President Barack Obama flew back to Washington from Hawaii after telephoning congressional leaders from his Christmas vacation perch. Once back, he set up a meeting with leaders of both parties at the White House late Friday to make a fresh attempt to find a solution before tonight's deadline.
A look at why it's so hard for Republicans and Democrats to compromise and what happens if they fail to meet their deadline:
NEW YEAR'S HEADACHE
Partly by fate, partly by design, some scary fiscal forces come together at the start of 2013 unless Congress and Obama act to stop them.
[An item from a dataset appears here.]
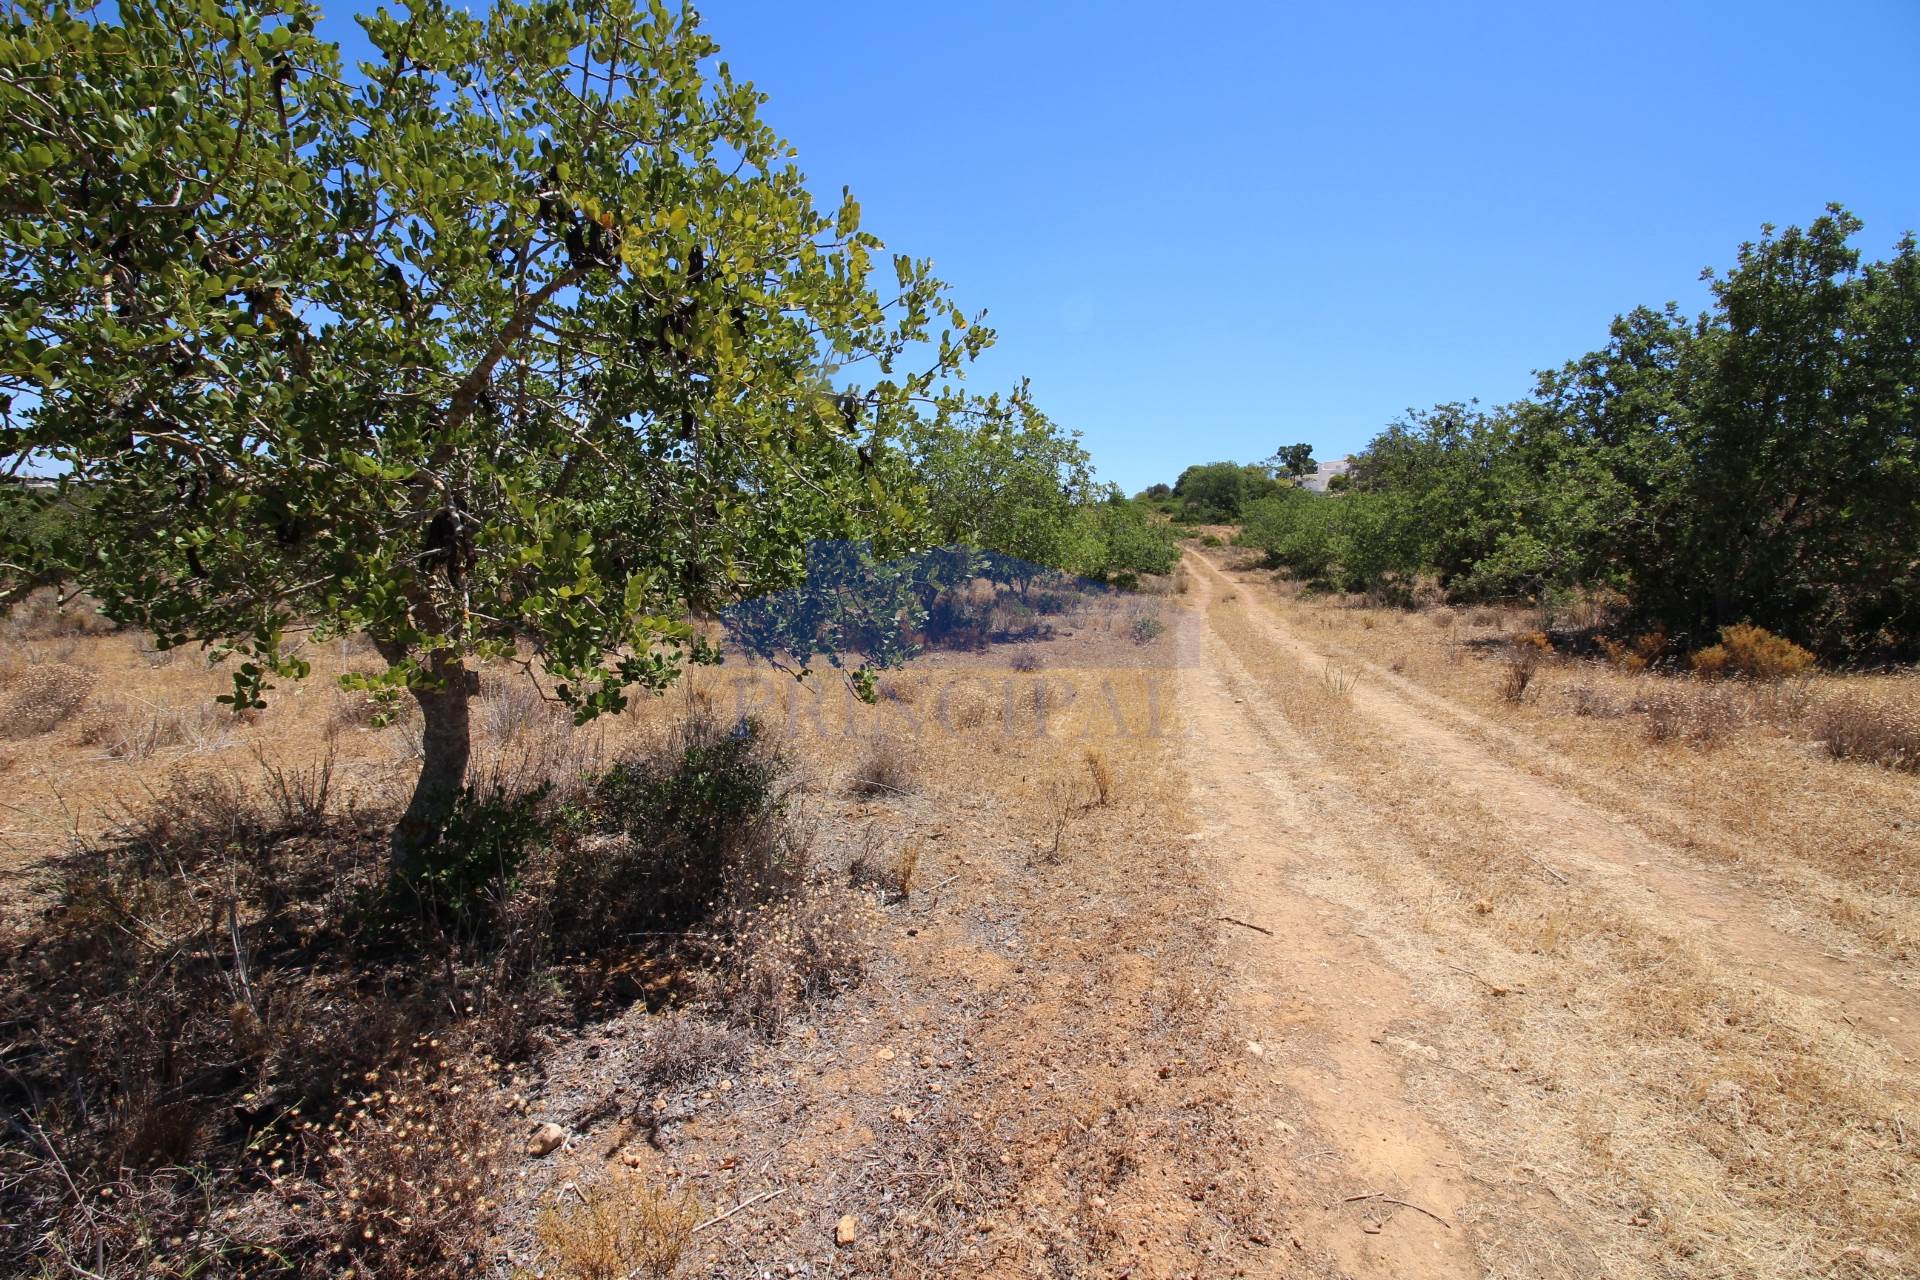 Rustic land with 2.2 hectares in urbanized area, Terras Novas

They include:
Some $536 billion in tax increases, touching nearly all Americans, because various federal tax cuts and breaks expire at year's end.
About $110 billion in spending cuts divided equally between the military and most other federal departments. That's about 8 percent of their annual budgets, 9 percent for the Pentagon.
Hitting the national economy with a double whammy of tax increases and spending cuts is what's called going over the "fiscal cliff." If allowed to unfold over 2013, it could lead to recession, a big jump in unemployment and financial market turmoil, economists predict.
IF THEY MISS DEADLINE?
If New Year's Day arrives without a deal, the nation shouldn't plunge onto the shoals of recession immediately. There still might be time to engineer a soft landing.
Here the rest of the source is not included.